My main problem with Netflix is it's lack of Linux support. Really? Linux gets the multimedia short end of the stick. I know I can't easily or satisfactorily play Blu-Ray discs in Linux, and sometimes even playing a DVD is a chore, but something like this, that's in-browser, should be a snap. Of course, hitch number one is that Netflix uses Microsoft Silverlight. There is a--I'm actually not sure what it is--port, fork, emulator, something, called 'Moonlight,' which I was led to by Silverlight's own site, that lets Linux users view Silverlight content. My understanding is Moonlight can't yet handle the DRM that Netflix's player uses.

And a quick note on DRM. I don't like DRM on something I'm buying, something that I'm keeping on my own hard drive, because as I explained above it gives a false sense of security. If the servers that provide verification are shut down, all the files are un-playable (among other issues). However, everybody using Netflix knows they're 'renting,' DVDS, or 'streaming' videos and there's no real transfer of ownership. DRM in their streamed videos is fine with me, because I don't 'own' the content they're locking down. That said, it really bothers me that I can't view Netflix videos on Linux.

That aside, it's wonderfully convenient, and it's pretty easy to navigate which episode of a TV show you want to watch. Let the player load, and there's a drop-down menu that lets you choose a different episode. Works really well.


I watch Attack of the Show and XPlay on G4, and that's about it. Even though they have a lot of content on their website, you can't watch shows in their entirity on their website. I wonder if they're trying to distance themselves from all the tech-themed internet stations whose back catalog you can freely and easily download. Perhaps they're afraid that if someone without that channel goes to their website and sees you can download all their shows, they think, "That's odd, I thought G4 was a television station, not an internet station." Not that that would be a bad thing.

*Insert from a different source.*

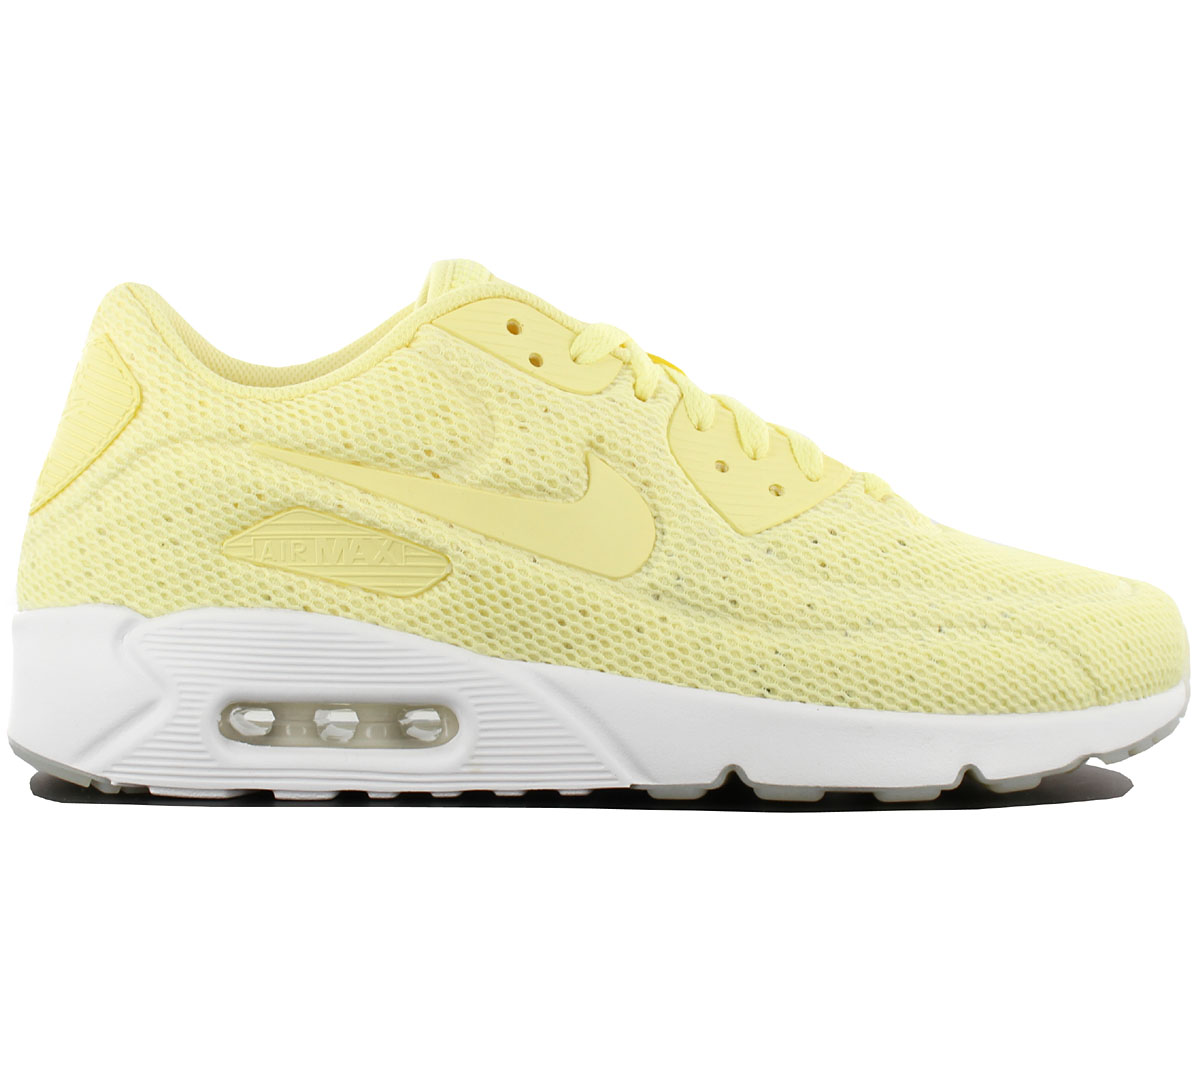 Detalles de Nike Air Max 90 Ultra 2.0 Br Zapatillas Estilo Deportivas para Hombre

You can view certain segments online, piecemeal, but you can't watch whole episodes. G4's website has a lot of other content you can watch, online-exclusive versions of popular segments like "Fresh Ink," as well as vidcasts only available online such as a new personal favorite of mine, "Sessler's Soapbox."

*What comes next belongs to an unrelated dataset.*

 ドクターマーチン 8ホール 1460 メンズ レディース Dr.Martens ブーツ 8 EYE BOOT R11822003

The quality is okay, but I have the damnest time getting these videos to play smoothly in-browser on any computer other than my gaming supercomputer. My netbook? Forget it. They don't display a download link that I've seen, but they do provide a link to their RSS feed. If you click on that, you're taken to Feedburner's list of that vidcast's recent posts. Each post has, not an embedded player, but a link to an MP4 file which plays on all my computers beautifully. I can't say how much I appreciate this. Not only do they do a good job separating their content's RSS feeds (some sites throw them all together on the same feed, which is a nice way to get me to stop subscribing), but they provide a file I can play on any operating system with VLC.

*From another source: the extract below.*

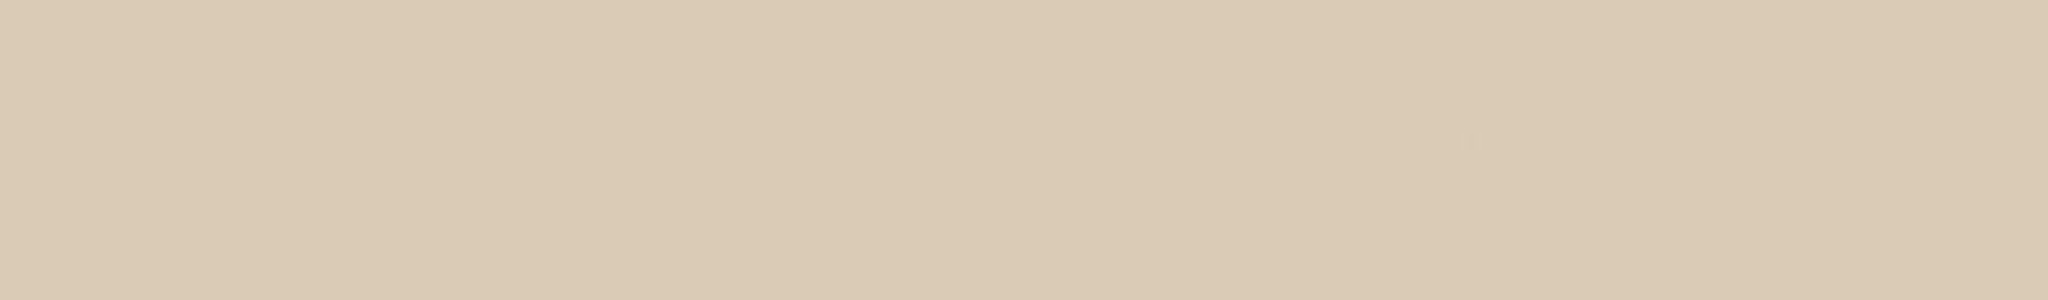 HU 12499 ABS hrana béžová hladká mat

Oh, and I know I said their in-browser player is resource intensive, and it is. Having it open in a window severely slows down my netbook. It does do something really cool though, it doesn't start loading anything unless it's actually visible in your browser. The links I provided above go to the vidcast's main pages, which has all their recent updates listed, with a video embedded in each post. Those players don't even initialize until you scroll down to them, so they don't all collectively eat up your bandwidth or CPU power. That's pretty cool.

Well, that wraps up the post on non-ad supported videos. I really was only going to touch on these three services before moving on the the ad-supported ones, all in one post. I've just got so many thoughts in my big ole head it's a rarity if any topic is ever restrained to just one post.